Is that growth accelerating?

4:20 p.m.

Co-founder and Director, Bullfrog Power

Tom Heintzman

It was quite strong until the recession hit, and it would have diminished almost at the same time, but it's still a growing, healthy market. The United States has a longer history in this than we do, and it's shown quite impressive growth over a 15-year timeframe.

4:20 p.m.

Liberal

Ted Hsu Liberal Kingston and the Islands, ON

Okay. Any idea of overall numbers of people in Canada who are willing to pay a premium for renewable energy?

4:20 p.m.

Co-founder and Director, Bullfrog Power

Tom Heintzman

It's difficult, because you can only tell a propensity to pay, rather than actual people putting down the money. The polling would suggest that in the neighbourhood of 15% of consumers are prepared to pay a premium for environmental products, and sometimes that manifests itself as organic food, hybrid vehicles, etc. You would expect that type of penetration is possible, and certainly we do see in excess of that in the most successful U.S. programs.

4:20 p.m.

Liberal

Ted Hsu Liberal Kingston and the Islands, ON

Okay, thank you.

Mr. Howard, as I understand it, your institute does some work in projecting future prices for both producers and consumers. Has there been any innovation in producing a forward curve for natural gas prices in the last 10 years? The futures trade out to five years or something. I know that in certain markets, if you can develop the market for longer-term forward contracts, it helps reduce business risk.

4:20 p.m.

President and Chief Executive Officer, Canadian Energy Research Institute

Peter Howard

I'd have to say no. I'm not sure I absolutely understand your question. On the long-term forecasts, even on price, that we come out with, it's a process of putting a whole bunch of information into a computer model and coming out with that forecast. The answer coming out is only as good as the information going in.

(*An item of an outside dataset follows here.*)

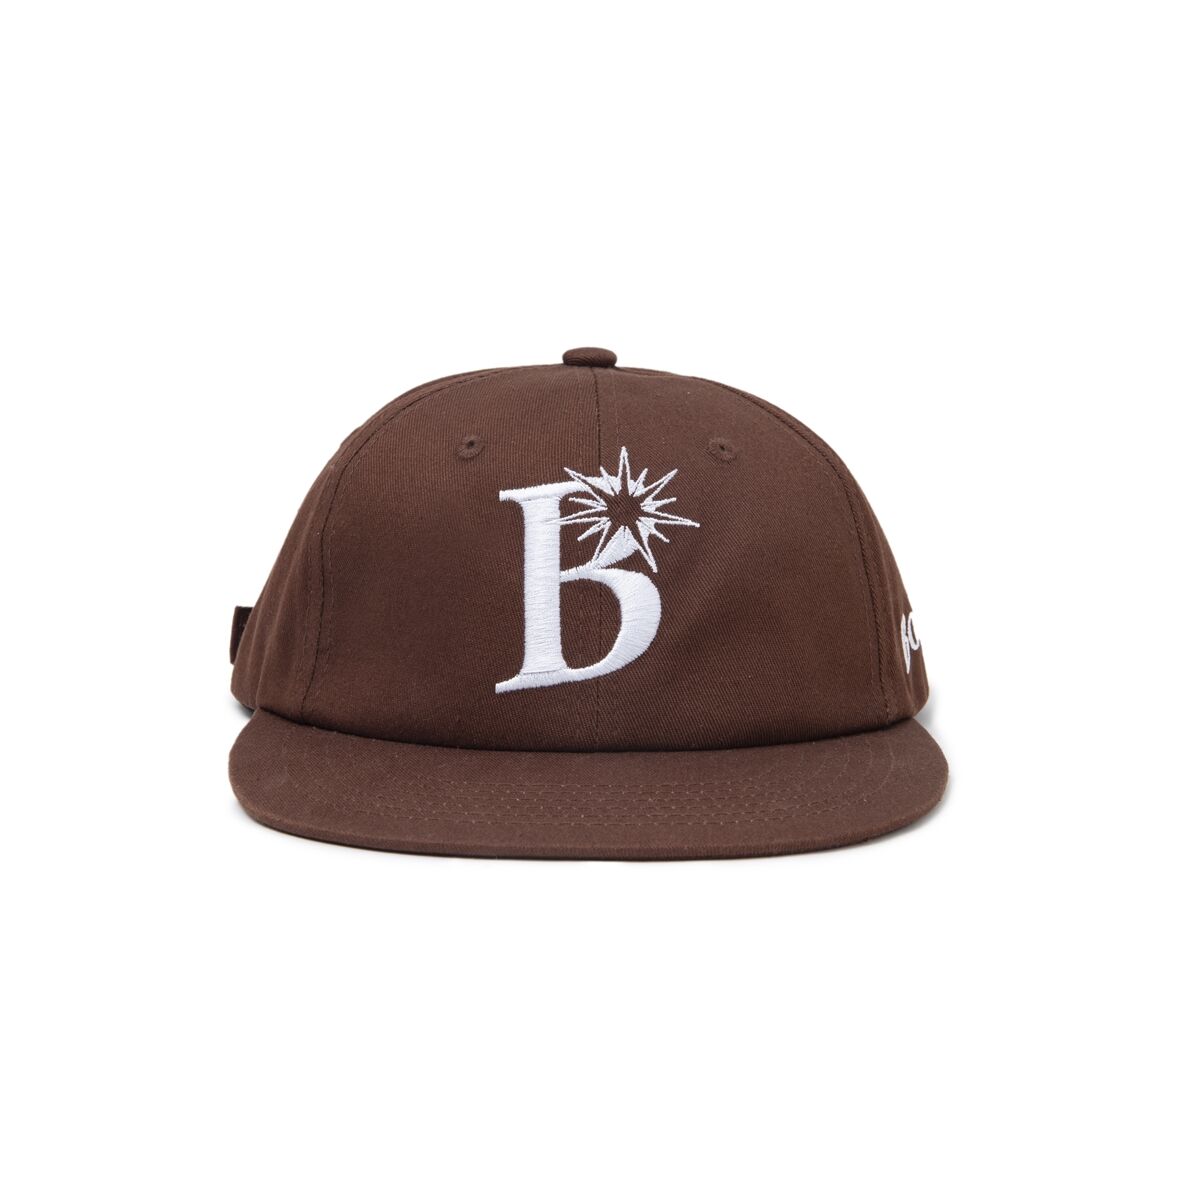 BoTT / B LOGO 6 PANEL CAP / BROWN | Sophomore

Am I going down the right road here on that?

4:20 p.m.

Liberal

Ted Hsu Liberal Kingston and the Islands, ON

I think so. I'm just curious as to whether things have changed since I last looked at it about 10 years ago.

4:20 p.m.

President and Chief Executive Officer, Canadian Energy Research Institute

Peter Howard

There are several ways of doing price forecasting. Some people absolutely look at the long-run price of gas and then do an extrapolation of that. There are other people who use, basically, just a rule of thumb: gas is going to go up at 2%, following GDP.

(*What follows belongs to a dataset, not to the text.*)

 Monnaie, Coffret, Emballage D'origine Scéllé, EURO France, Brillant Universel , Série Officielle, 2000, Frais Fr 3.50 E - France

The method we use is a very involved method of the interaction between the supply costs of the upstream supply, transportation tolls, and the change in those tolls based on flow volume, and of more importance is the demand side of the spectrum. How big is the market, or how big could the market go?

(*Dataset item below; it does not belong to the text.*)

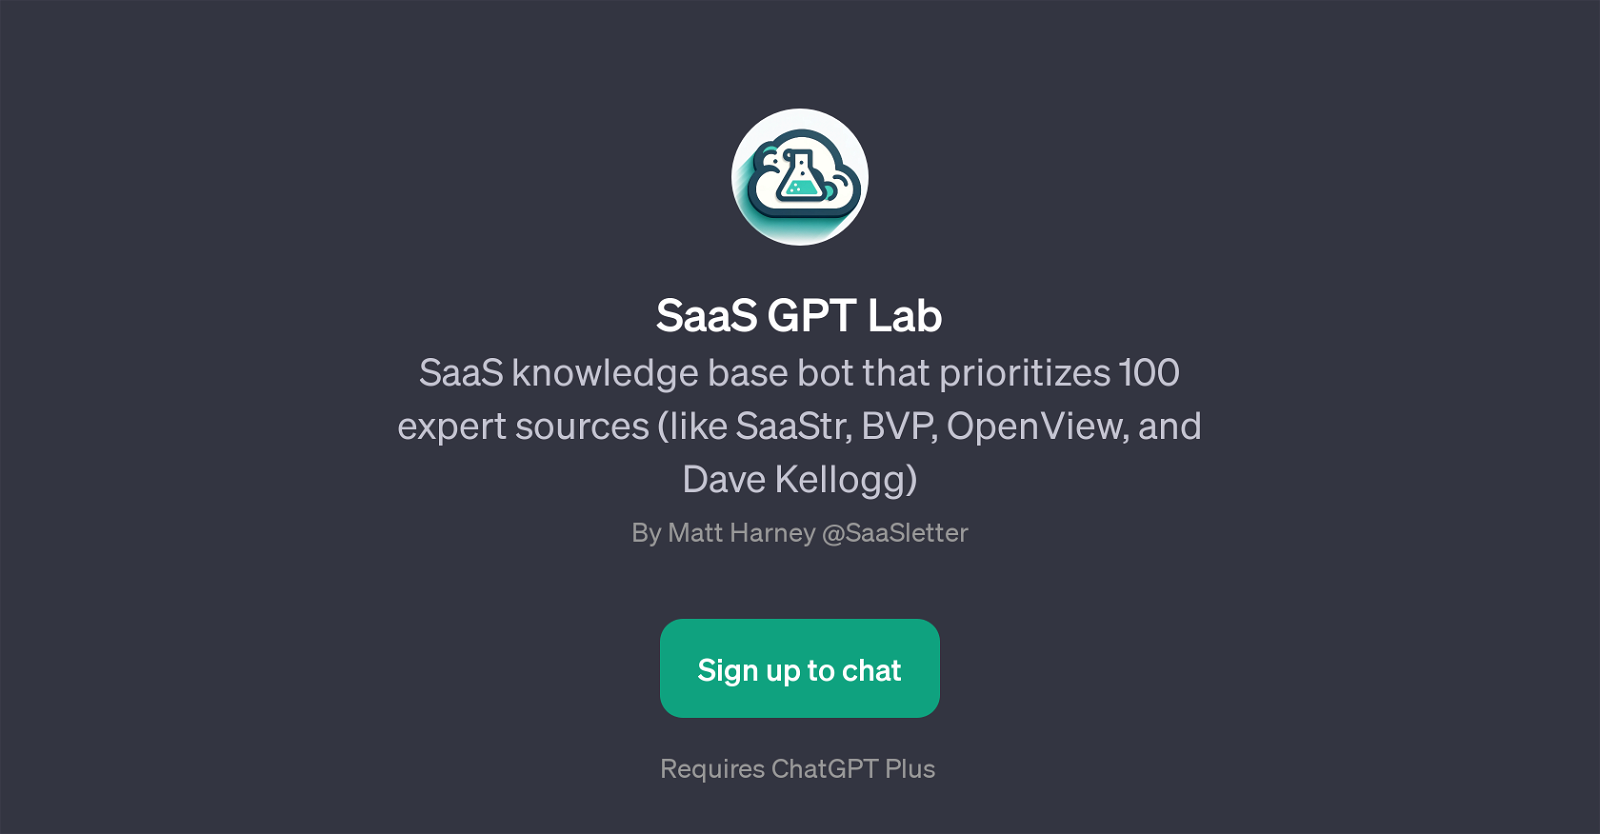 SaaS GPT Lab website

When I mentioned converting coal-fired plants to gas-fired plants, there's a huge variability in there in the sense that when you get somewhere above $4.50 per mcf, coal becomes another player, and it's very difficult to get them out of there and not have them come back on you.

LNG exports have a huge implication on the North American price, because if you can get it off, if you can bleed the supply off the basin, then the price will move upwards, which will enhance supply and all that kind of thing. We're not secure in our LNG markets yet. We have, as I mentioned, something around 22 projects that are on the books in North America. We only have one project under construction right now.

4:25 p.m.

Liberal

Ted Hsu Liberal Kingston and the Islands, ON

Thanks.

A question for Mr. Dunn is about fugitive emissions. I'm wondering whether there is third-party monitoring of fugitive emissions in Canada, generally. Or how is that monitoring done?

4:25 p.m.

Vice-President, Canadian Division, Regulatory and Government Relations, Encana Corporation

Richard Dunn

That's a good question.

By regulation, the provincial regulator requires that you have a fugitive emissions monitoring program. What this program requires is that on some sort of a regular schedule you go around with fugitive monitoring detection equipment to detect, let's say, leaky valve stems or connections in pipe. Where you find any issues, you will fix them. That's by provincial regulation.

4:25 p.m.

Liberal

Ted Hsu Liberal Kingston and the Islands, ON

Has there been an innovation in that area?

4:25 p.m.

Vice-President, Canadian Division, Regulatory and Government Relations, Encana Corporation

Richard Dunn

Certainly. The detection equipment we use is very, very cool. It's infrared cameras, effectively, so you can see plumes of methane emissions. You can readily detect any kinds of very small amounts of emissions and work them into your maintenance schedule.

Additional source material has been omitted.